If you do overseas users, the server room should choose foreign, on the contrary, should choose domestic, because the machine room is closer to the user, the lower the time loss in transmission.

3. CPU performance

The better the CPU performance, the faster the processing speed, the more cores, the more processes can be started in parallel.

4. Memory size

The larger the memory, the more data the program can put directly into memory, and the data can be read from memory much faster than from disk.

5. Disk performance

This goes without saying. Solid-state drives perform much better than mechanical drives, and the better the performance, the faster you can read and write data.

6. Bandwidth

Generally, the bandwidth of the server refers to the outgoing bandwidth, in Mb/S. For example, the bandwidth is 8Mb/S, that is, 1MB/S. If the file download service is provided, a user’s download may use up the bandwidth of the server. Generally, resources such as pictures, videos, CSS files, and JavaScript scripts are stored in the THIRD-PARTY CDN and charged by traffic. In this way, the bandwidth of the server is not occupied.

If the user scale is small, basically one server is good. In this case, the fixed bandwidth size is generally selected.
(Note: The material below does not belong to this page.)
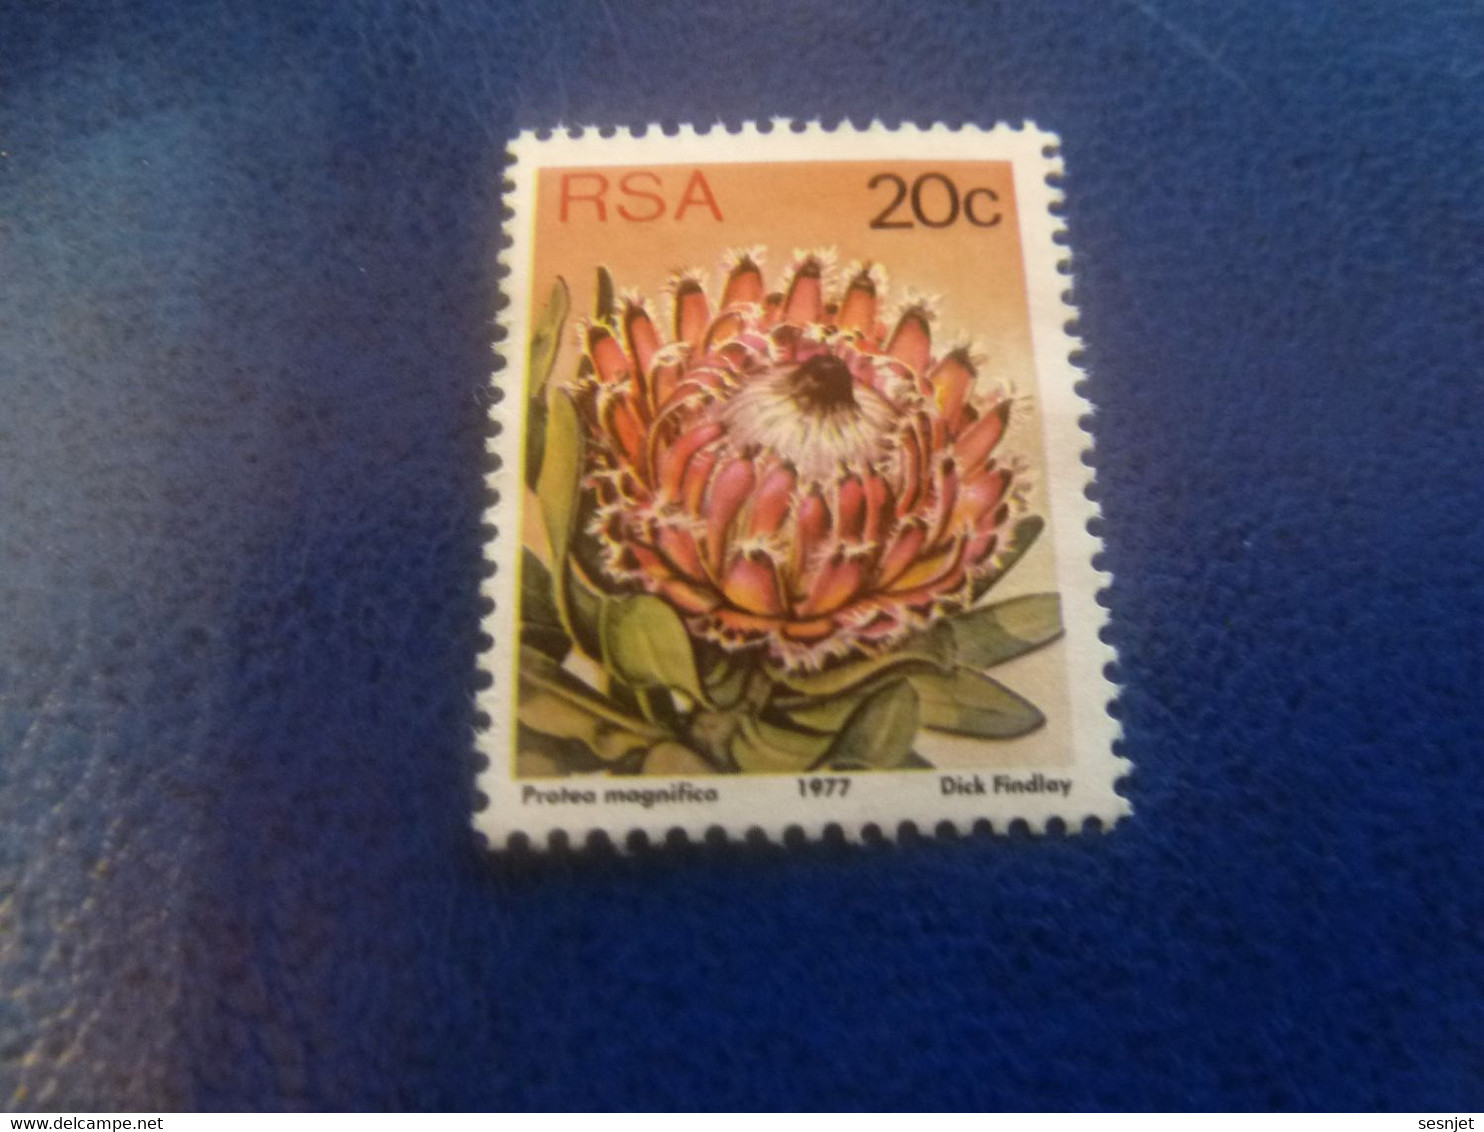 Rsa - Protea Punctata - Dick Findlay - 20 C. - Multicolore - Non Oblitéré - Année 1977 - - Usati

If the number of users is large, a load balancer is used to distribute traffic to different servers according to certain rules. The load balancer generally charges users based on traffic.

If the average data size returned by a request is 50KB, the peak bandwidth required to reach 1000QPS =1000508/1024=390.625Mb/S.

For example, user_id can be simplified to UID. The purpose of file compression, such as images, videos, and CSS, is to reduce the size of data.

7. Programming language

Compiled languages generally perform better than interpreted languages, such as GO, which performs better than PHP. When languages are not replaced in the short term, high concurrency can be addressed by the heap machine.

8. Database performance

A database deployed on a server always has a bottleneck, such as queries per second, writes per second. We can solve the bottleneck of query (SELECT statement) by adding many slave libraries, which is called the multi-slave library model. It should be noted that there may be a delay in the synchronization of master and slave data. When the data needs to be queried immediately after modification, we need to set the mandatory reading from the master library.

We can split the business so that some tables are stored on one database instance and some tables are stored on other database instances. Although a database instance has its own bottleneck, the performance of many database instances can be greatly improved when stacked together. The solution of multiple database instances is called multi-master database model. The main purpose is to solve write bottlenecks (INSERT statements, UPDATE statements, DELETE statements).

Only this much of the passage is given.